Cancer occurs after a single cell in a tissue is progressively genetically damaged to produce a cancer stem cell possessing a malignant phenotype. These cancer stem cells are able to undergo uncontrolled abnormal mitosis, which serves to increase the total number of cancer cells at that location. When the area of cancer cells at the originating site becomes clinically detectable, it is called a primary tumor. Some cancer cells also acquire the ability to penetrate and infiltrate surrounding normal tissues in the local area, forming a new tumor. The newly formed "daughter" tumor in the adjacent site within the tissue is called a local metastasis.

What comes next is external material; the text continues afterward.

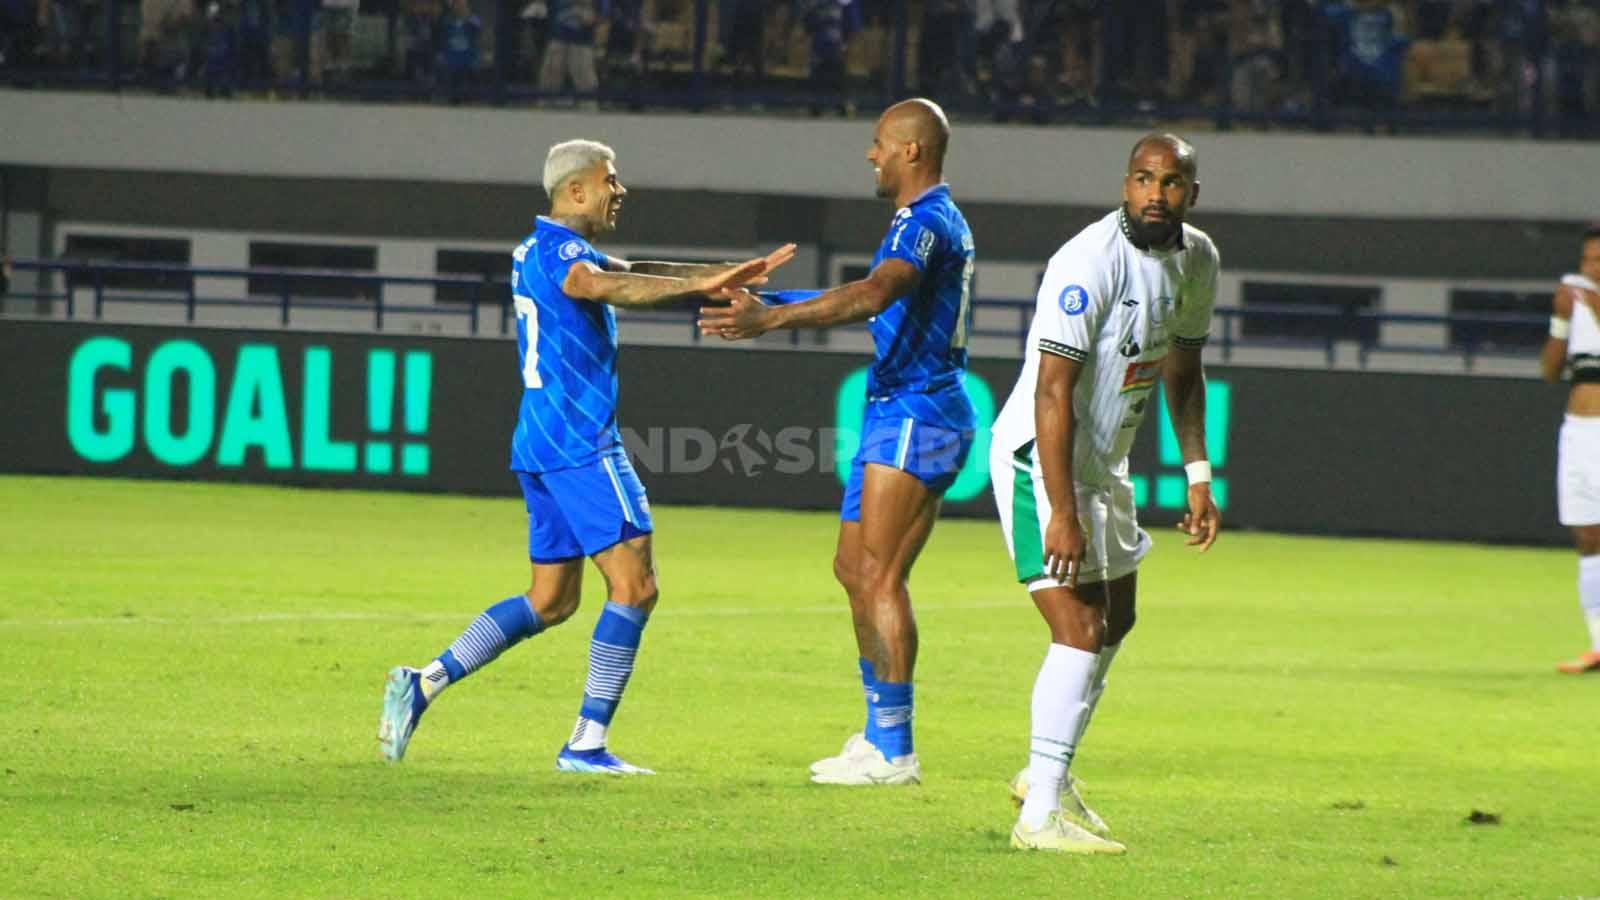 Striker Persib, David da Silva merayakan golnya ke gawang PSS, pada pertandingan pekan ke-17 kompetisi Liga 1 2023-2024 di Stadion GBLA, Kota Bandung, Sabtu (28/10/23).

Some cancer cells acquire the ability to penetrate the walls of lymphatic and/or blood vessels, after which they are able to circulate through the bloodstream (circulating tumor cells) to other sites and tissues in the body. This process is known (respectively) as lymphatic or hematogeneous spread.
After the tumor cells come to rest at another site, they re-penetrate through the vessel or walls, continue to multiply, and eventually another clinically detectable tumor is formed. This new tumor is known as a metastatic (or secondary) tumor. Metastasis is one of three hallmarks of malignancy (contrast benign tumors). Most tumors and other neoplasms can metastasize, although in varying degrees (e.g. basal cell carcinoma) rarely metastasize.
When tumor cells metastasize, the new tumor is called a secondary or metastatic tumor, and its cells are like those in the original tumor. This means, for example, that, if breast cancer metastasizes to the lungs, the secondary tumor is made up of abnormal breast cells, not of abnormal lung cells. The tumor in the lung is then called metastatic breast cancer, not lung cancer.